Foals: In Review at Huxleys Neue Welt

by | indieBerlin

Tonight’s Foals show at Huxley’s Neue Welt is – in the word’s of frontman Yanis Philippakis – a “spicy” affair.

There’s a tropical feeling in the air, either from the tall greenery the band have installed around the stage or from the monsoon-esque conditions the audience had to battle through to reach the venue. (Isn’t it supposed to be summer already?) The gig is a sell-out and the crowd is sweaty before we get started.

Foals, visiting from their native Oxfordshire, UK, are playing the last show of their first mainland European tour since the release of their fifth album, Everything Not Saved Will Be Lost Part 1, in March. Going on tonight’s performance, the newer material is more than ready for the summer festival circuit.

Few British bands of Foals’ generation have hit the same level of consistency.
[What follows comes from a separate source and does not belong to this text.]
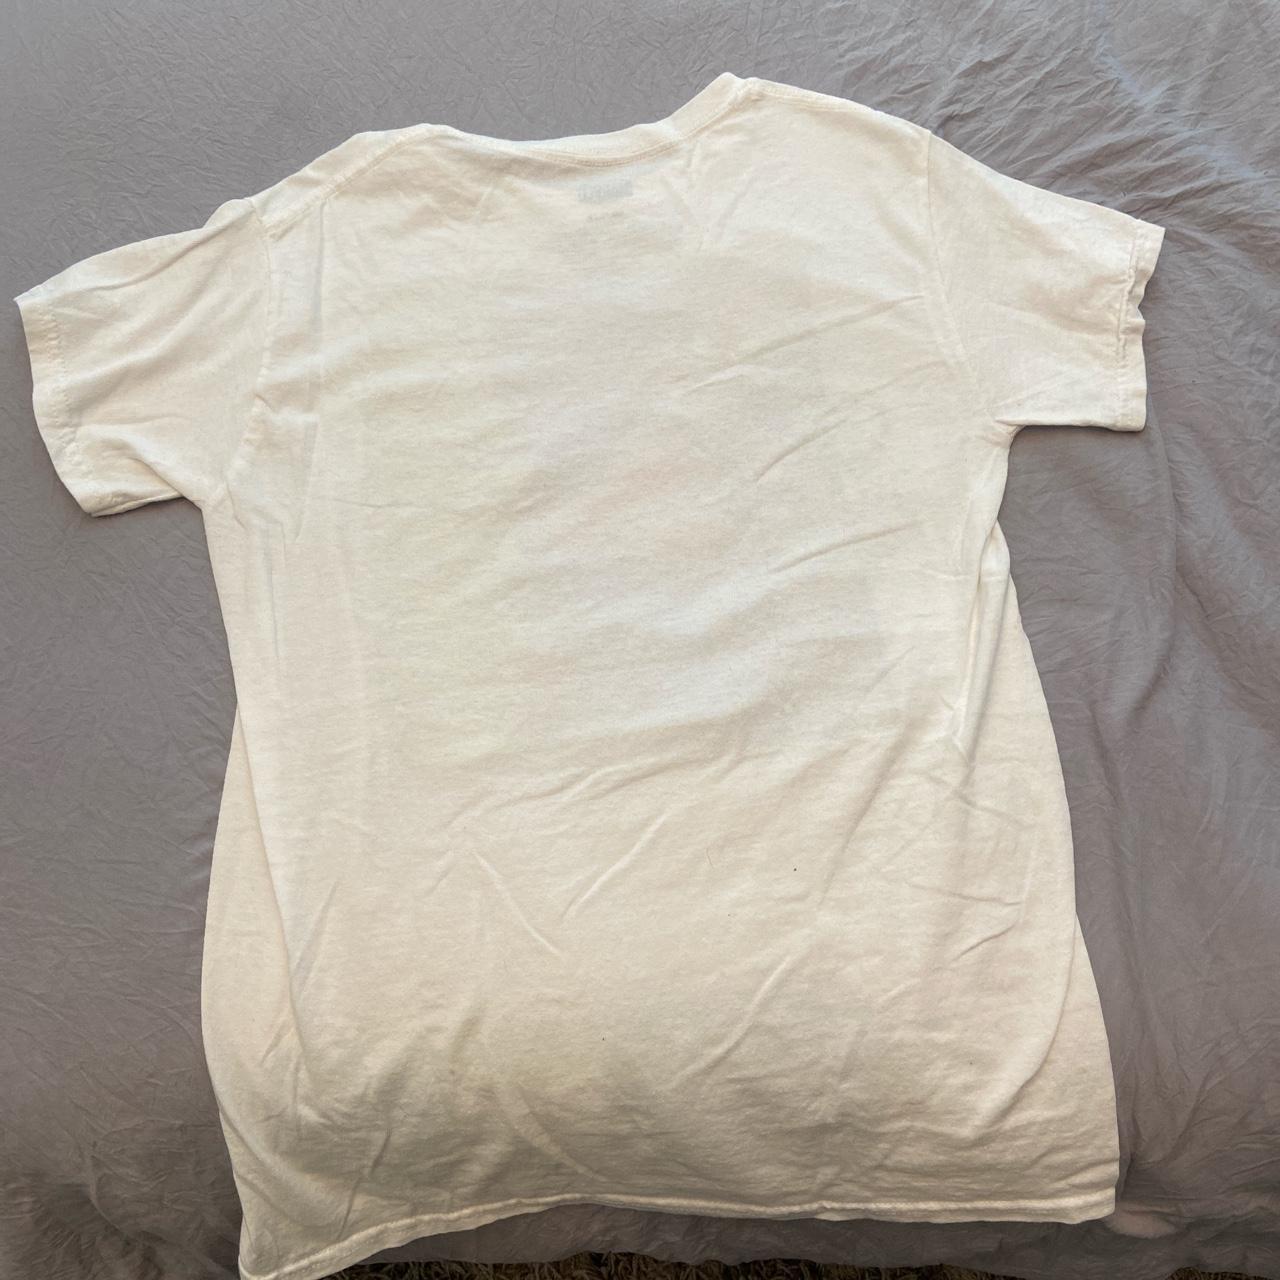 Target Men's White and Red T-shirt | Depop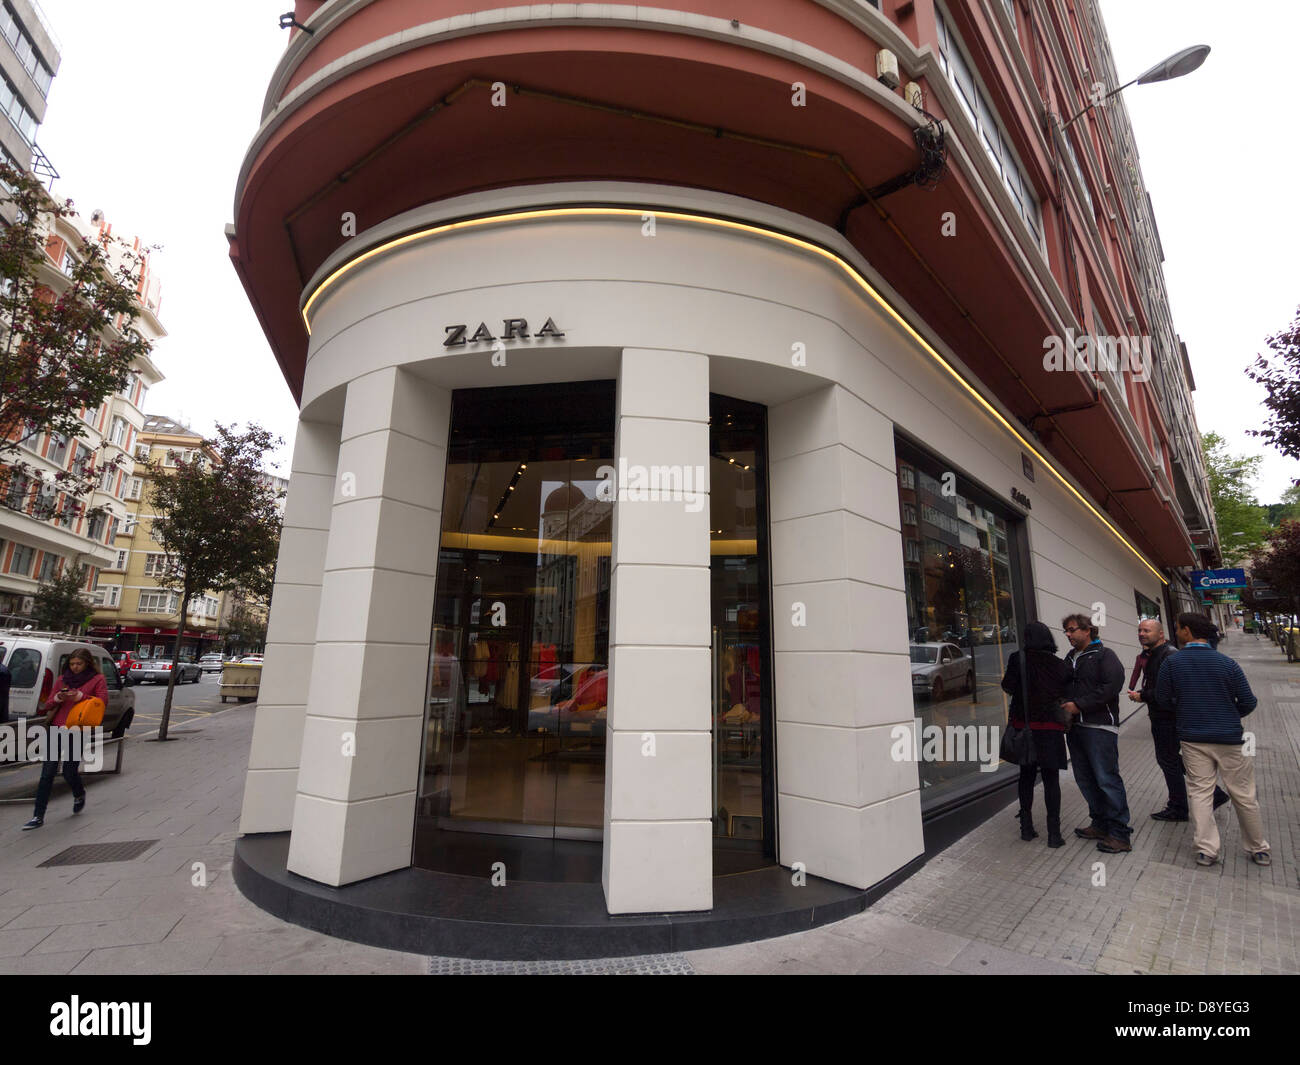 Building where the first Zara store in the world was opened in 1975, in La Coruna, Galicia, Spain, Europe Stock Photo

Few British rock bands of Foals’ generation have hit the same level of consistency across their records, and this shows in the appreciation the crowd gives to the songs from the new album. The juddering, ryhthmic single ‘Exits’ and the arena-ready blare of ‘White Onions’ are all the injection needed to start the floor shaking and the drinks flying. The sound – sporadically unreliable at Huxleys – is spot-on tonight.

It’s the first album and tour that Foals have embarked on without bassist and founding member Walter Gervers. Jeremy Pritchard – previously most commonly found donning ridiculous stage costumes with Everything Everything – has stepped in for the current tour, and delivers his lines immaculately.

The brooding ‘Spanish Sahara’ is every bit as powerful as the raucous rendition of ‘Inhaler’.

The band smoothly traverse between their janglier indie numbers (‘My Number’, inevitably, gets a rapturous reception) and the heavy stuff. The brooding ‘Spanish Sahara’ from 2010’s Total Life Forever is every bit as powerful as the raucous rendition of ‘Inhaler’. In a nice nod to the long-time fans, ‘Olympic Airways’ from debut album Antidotes is given a new airing.

Philippakis isn’t averse to indulging his inner Dave Grohl at times, and starts a mild frenzy by strutting along the bartop to the back of the room, returning again to order a shot from the barman during the encore.

The energy doesn’t let up until the lights come on.